### [TASK DIRECTIONS]
Once you reach the line with "Sundhedsminister sidste minuts" below, copy each line exactly, stopping after the line with "Alpine amethyst crystals", and skip any pictures.

### [ENTRIES SHOWN]
------------------------------

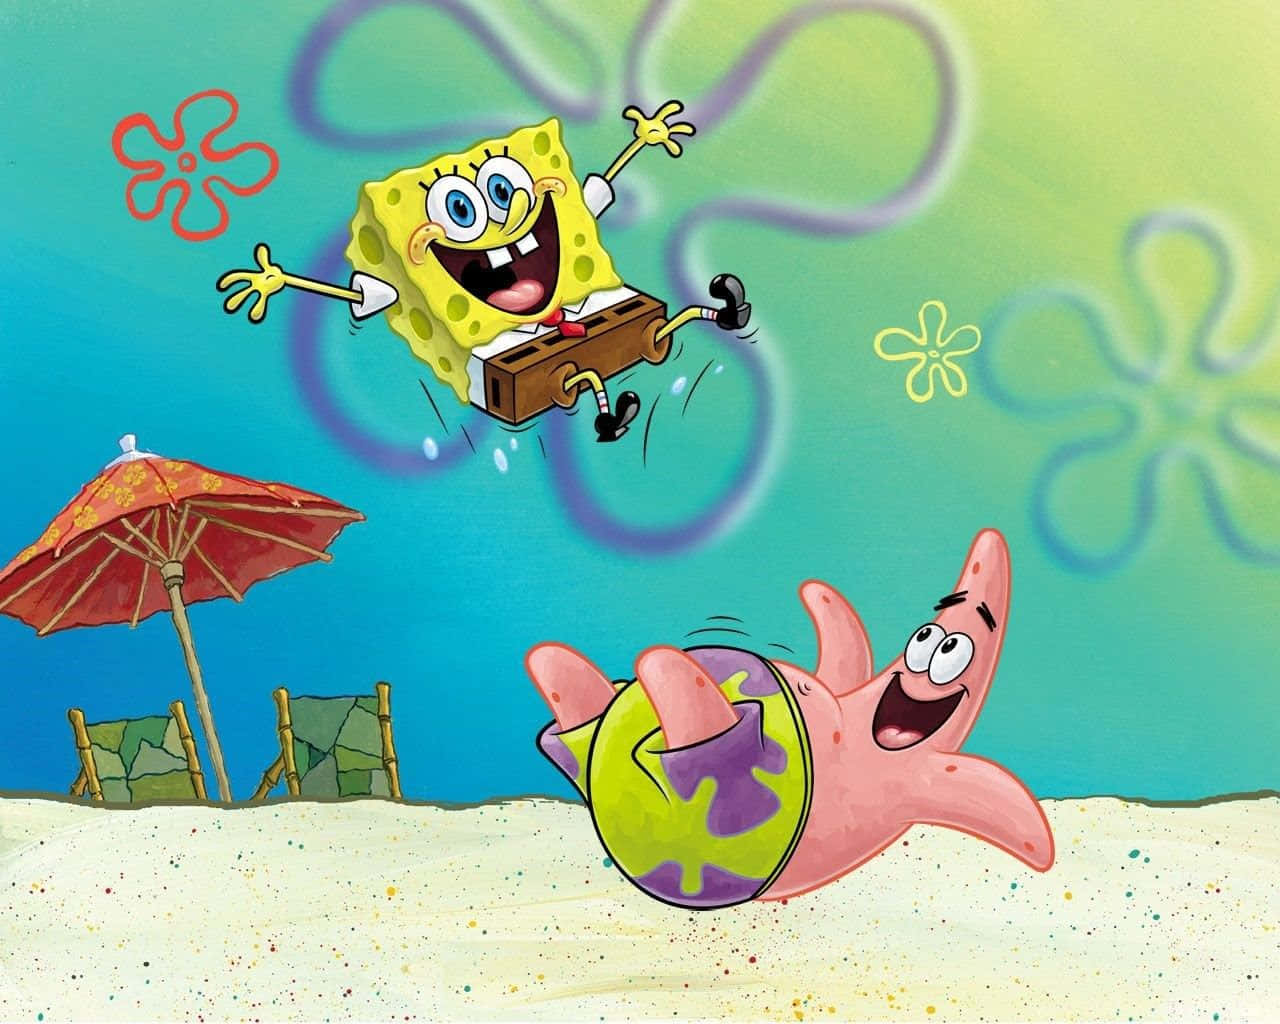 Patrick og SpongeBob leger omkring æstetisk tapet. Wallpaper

------------------------------

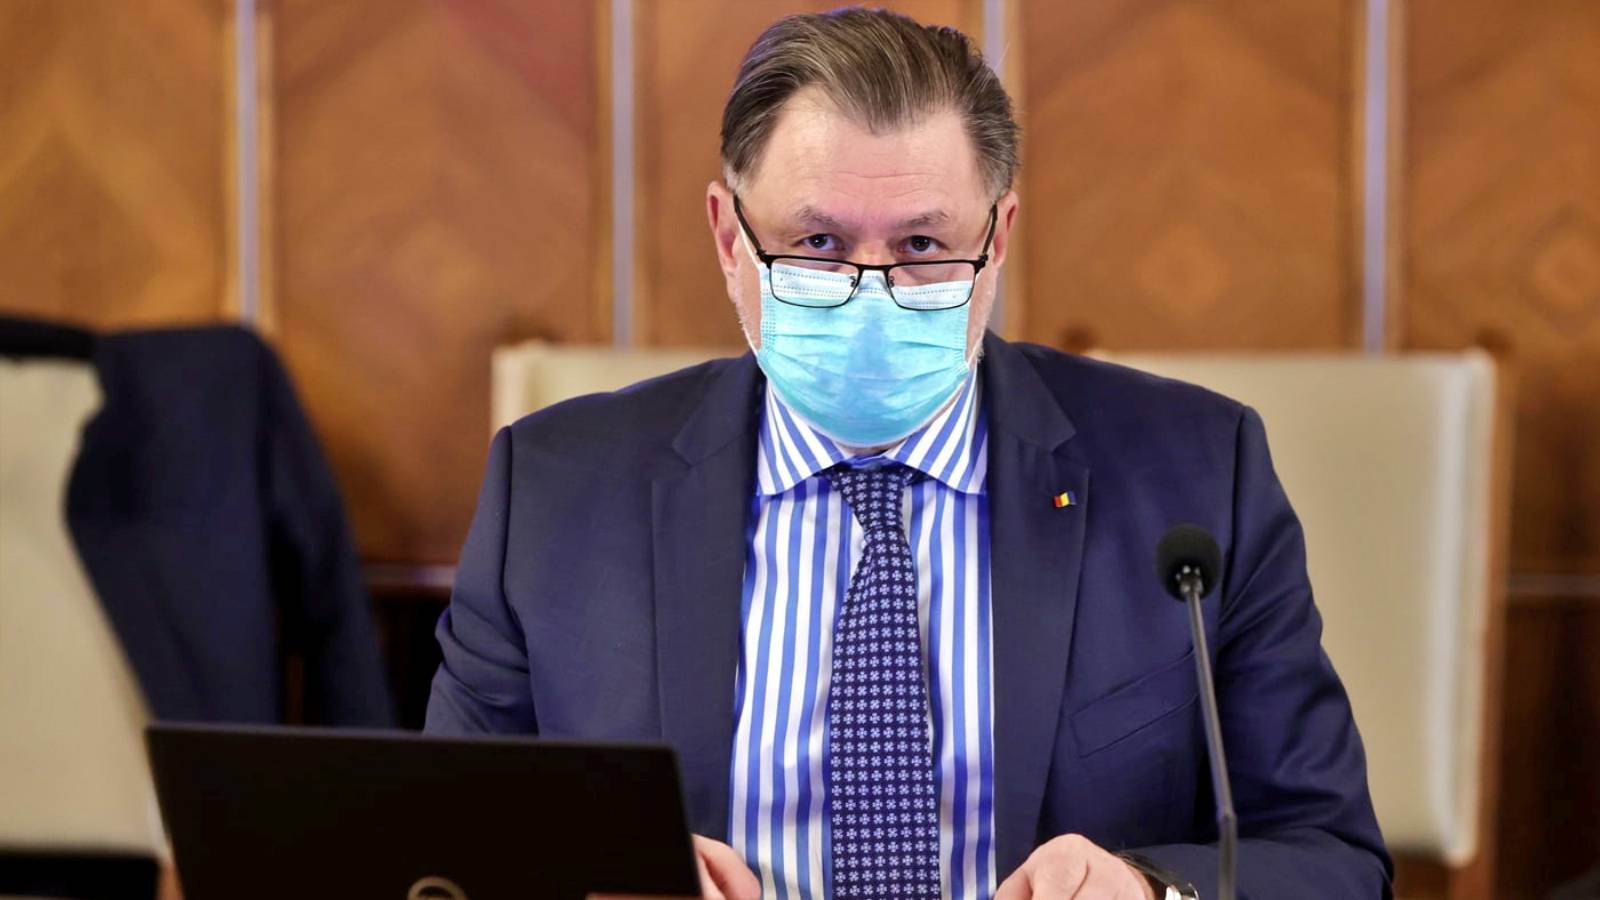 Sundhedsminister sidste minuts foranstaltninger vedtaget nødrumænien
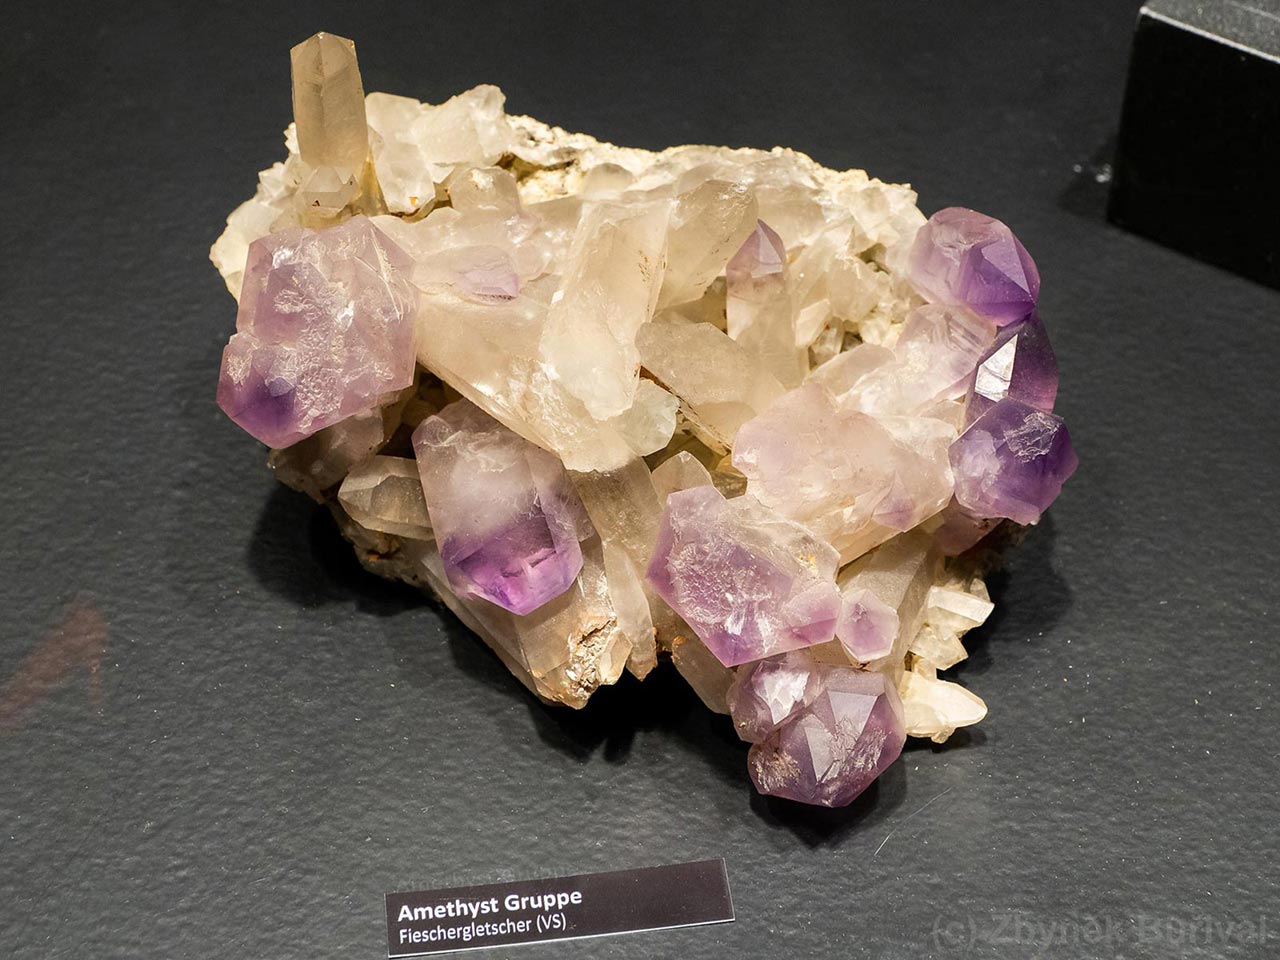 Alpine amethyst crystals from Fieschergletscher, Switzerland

------------------------------

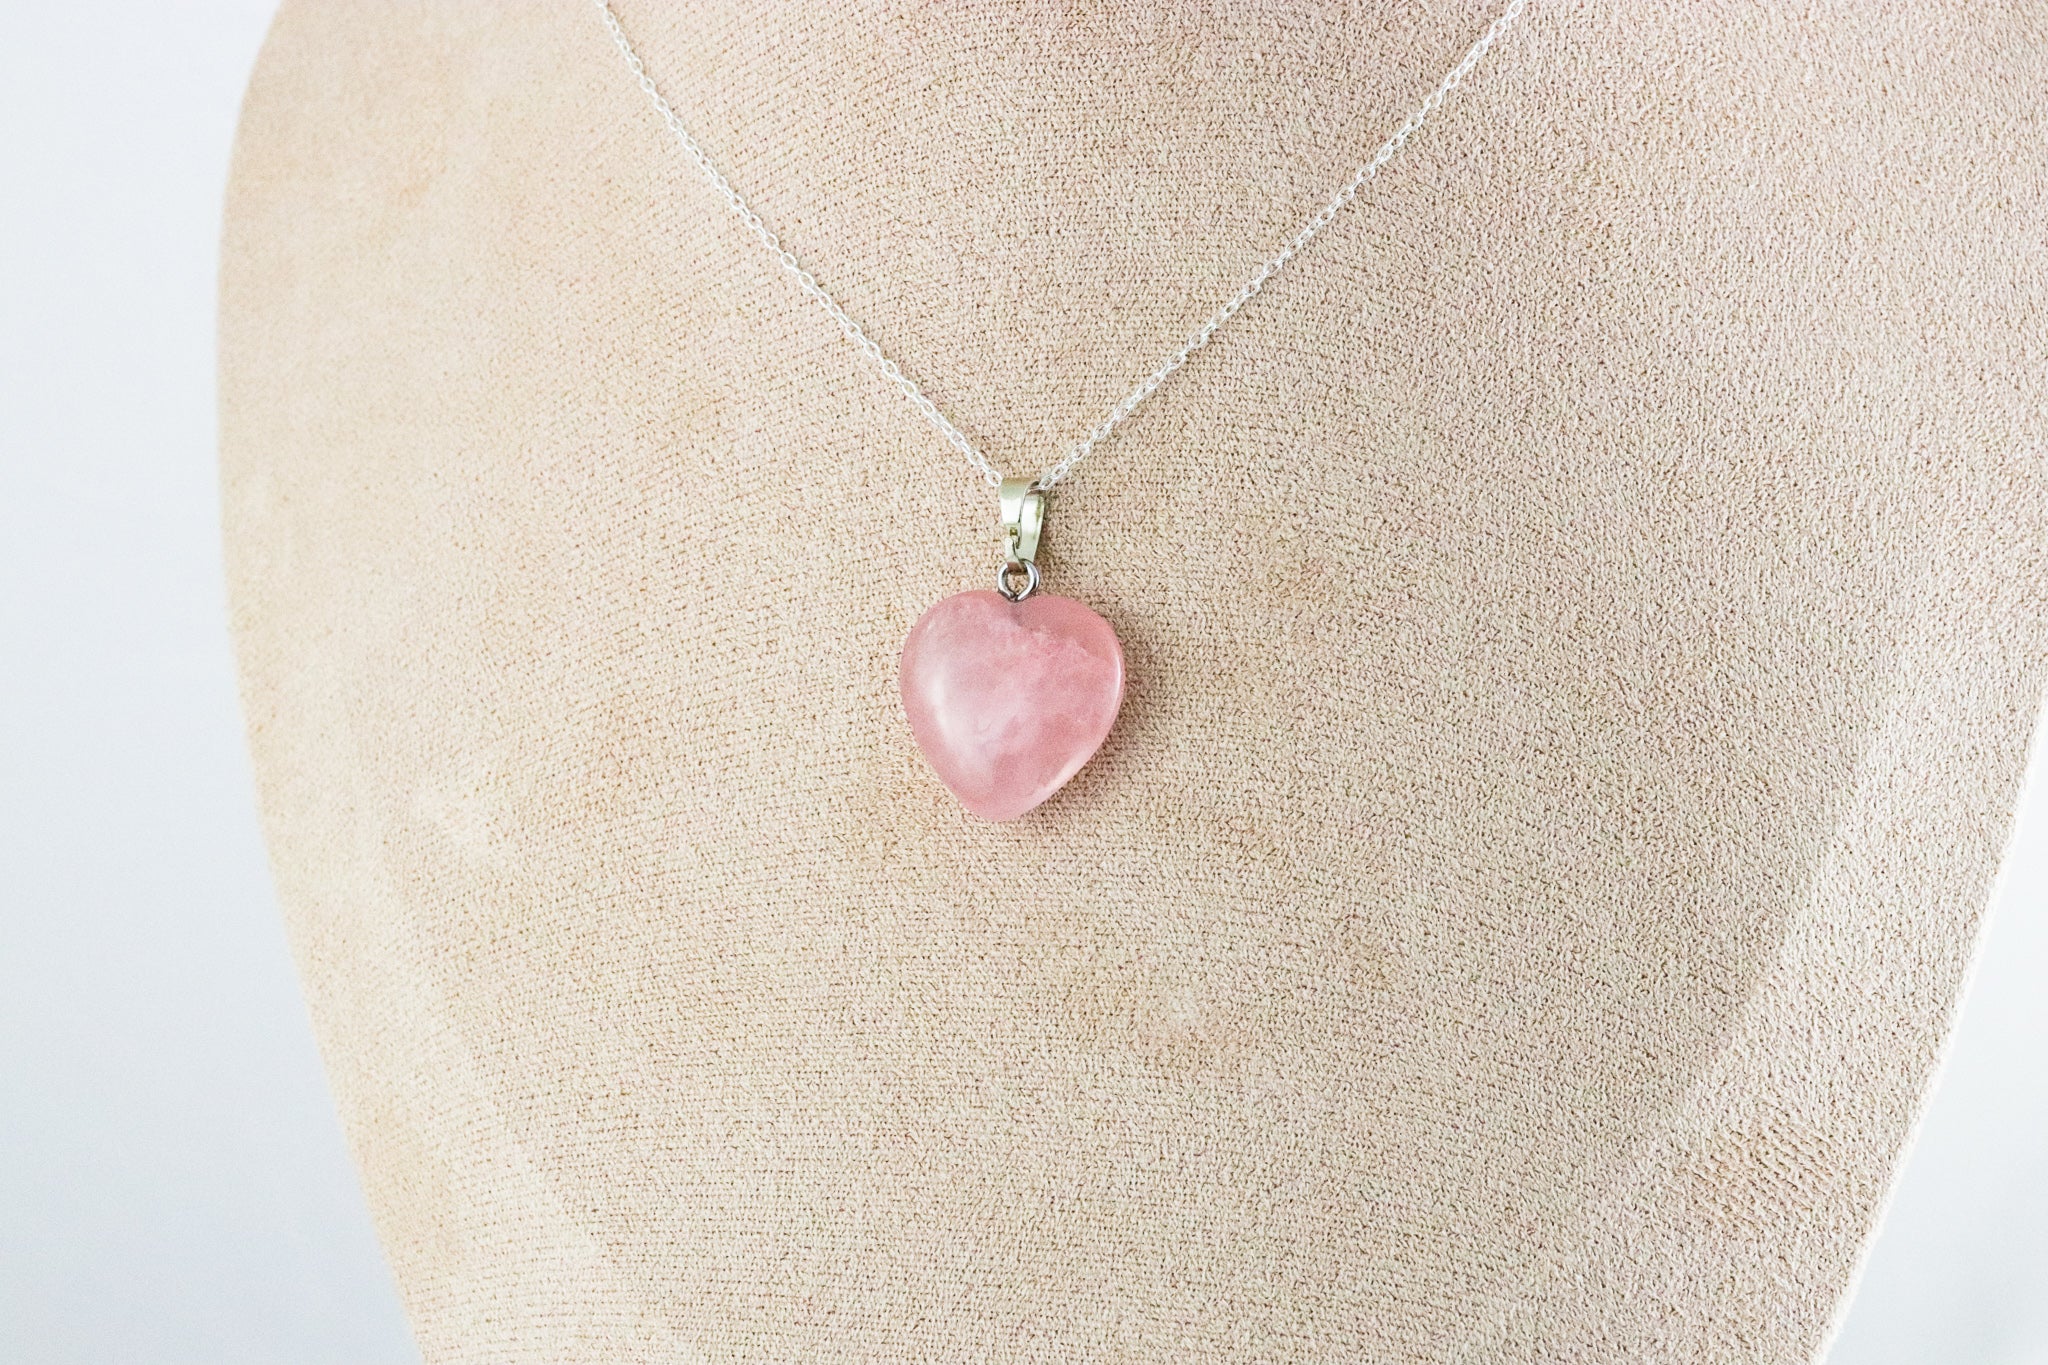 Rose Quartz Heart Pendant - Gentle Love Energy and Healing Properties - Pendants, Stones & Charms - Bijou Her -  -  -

------------------------------

### [WRITTEN ANSWER]
 Sundhedsminister sidste minuts foranstaltninger vedtaget nødrumænien
 Alpine amethyst crystals from Fieschergletscher, Switzerland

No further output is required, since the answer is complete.